It is conceded that in January, 1919, the firm of Salvador Hermanos executed to the Philippine National Bank the eight promissory notes above described, and that each note was secured by the quedan, or warehouse receipt, of Nieva, Ruiz & Company, issued to the firm of Salvador Hermanos for so many piculs of copra. that the notes are of the same form, the only difference being the date and the amount of the note, and the number of the quedan, or warehouse receipt, and the amount of copra in piculs. Each warehouse receipt was duly numbered, dated and signed by Nieva, Ruiz & Company, and recites "received from Salvador Hermanos the following packages of copra as specified below, which are stored in warehouse No. 2, situated at_____________, subject to the terms and conditions stated on the face and back hereof, to be delivered unto Salvador Hermanos, or order," giving the number of the warehouse where located, and the number of sacks, gross weight and the declared value; across the face of each receipt is stamped in red ink the words "Negotiable Warrant." Among the conditions printed on the back of the receipt is paragraph 4, as follows:

"4. This Company will deliver the packages noted hereon, on surrender to the Company of this warrant endorsed by the party who shall be for the time registered in the books of the Company as the owner of the packages described hereon; and the production by the Company of this warrant shall at all times be conclusive proof that the Packages hereon noted have been properly delivered by the Company and shall exempt the Company from all responsibility in connection with the said packages or goods."

Also the following:

"Delivery is hereby authorized unto________________," opposite which some of the receipts were signed by the firm of Salvador Hermanos, and others were not signed by any one.

The fact remains that at the time the eight promissory notes were executed, a given quedan, or warehouse receipt, was described and incorporated in the note as to its number, when and by whom issued, and the property it represented, and each receipt was then delivered by the firm to the defendant bank, all of which was during the month of January, 1919. The bank never had the manual possession or the physical control of any of this property until after the insolvency petition was filed, and it is for such reason that the plaintiff claims that it was the property of the firm, and that the defendant should account to the assignee.
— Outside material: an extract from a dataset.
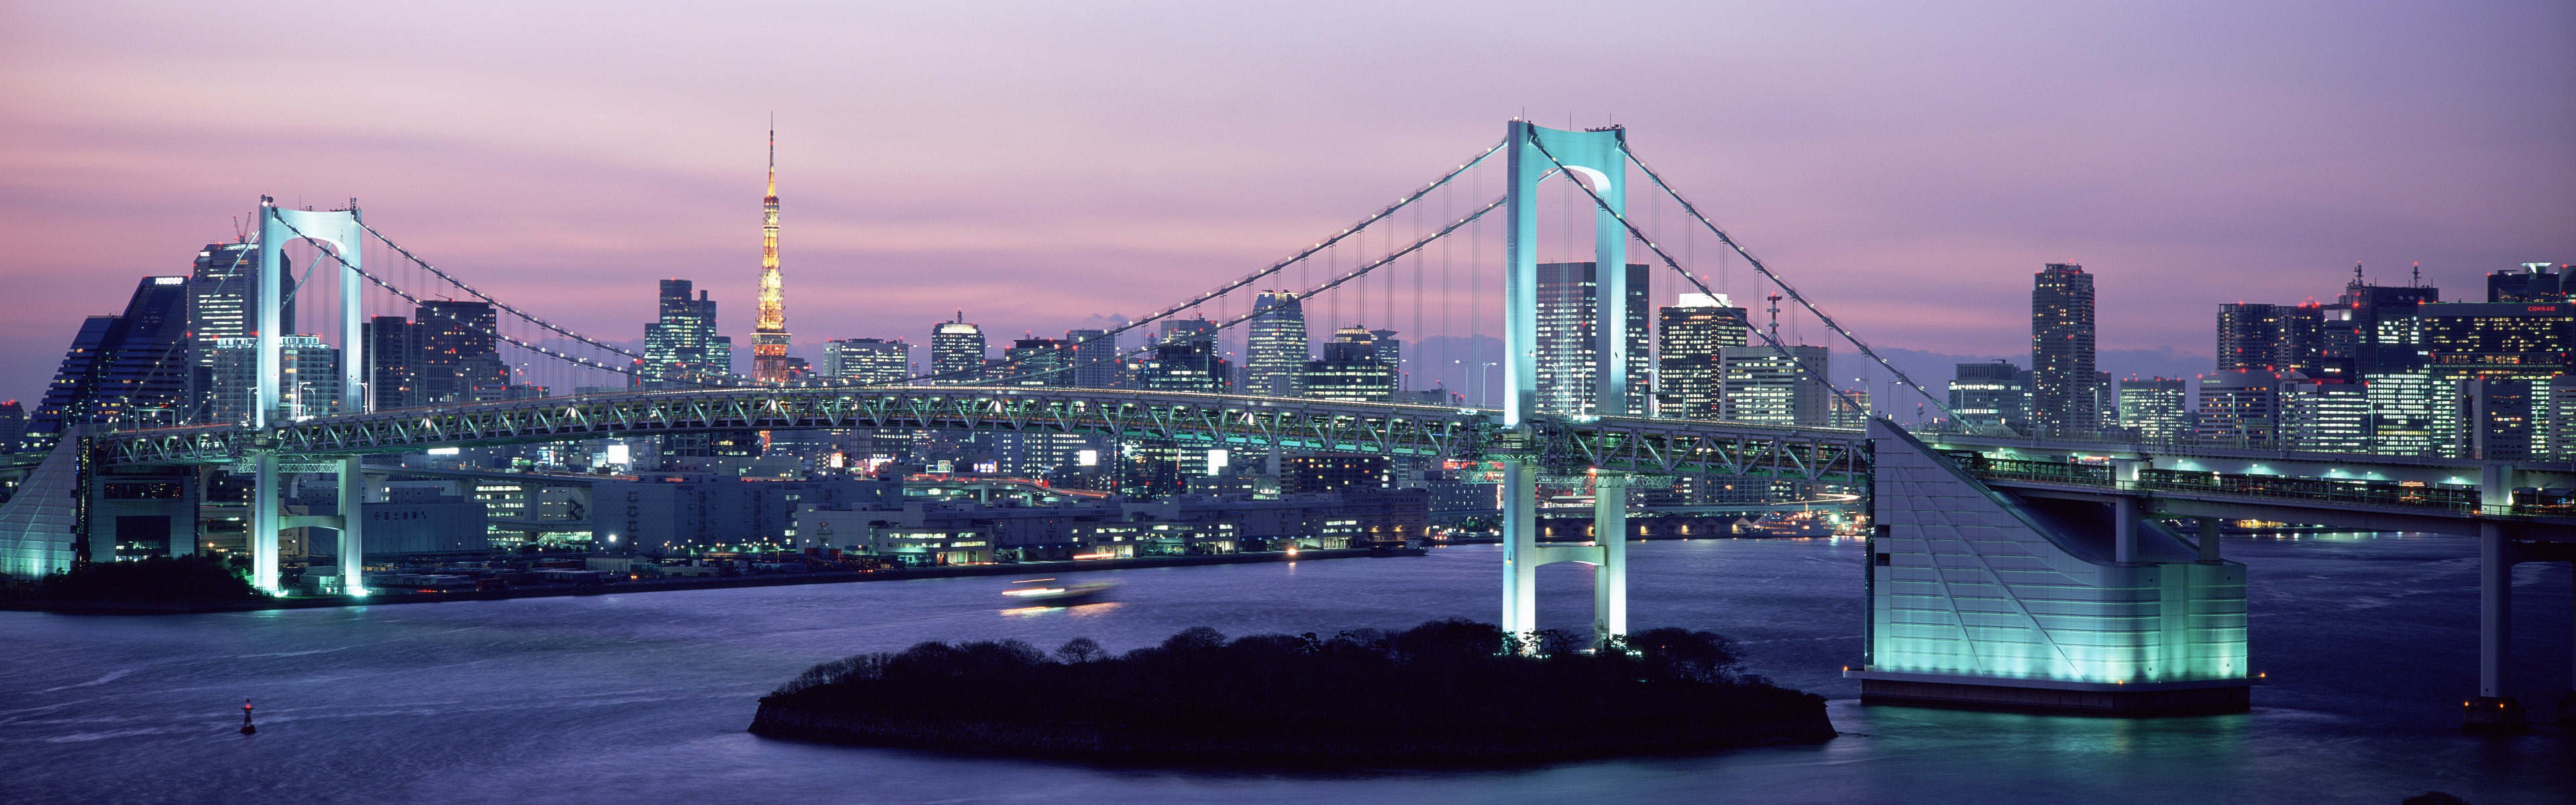 Windows 8 official panoramic wallpaper, cityscapes, Bridge, Horizon #5 - 3840x1200

Each quedan, or warehouse receipt, was specifically described in a given note, and was made a part of it, and the note recites that, for any breach of its terms or conditions, the bank has full power and authority "to sell, assign, transfer and deliver the whole of the said security, or any part thereof, etc.," and that "at any such sale, the said bank may itself purchase the whole or any part of the property sold, free from any right of redemption on the part of the undersigned, which is hereby waived and released."

In addition, the quedan itself was delivered to and held by the bank, and the warehouseman recognized the bank as the owner of the property. Legally speaking, the owner of the quedans, or warehouse receipts, was the owner of the property described in them, and the quedans were given as collateral to secure promissory notes, which, for value received, were executed to the bank.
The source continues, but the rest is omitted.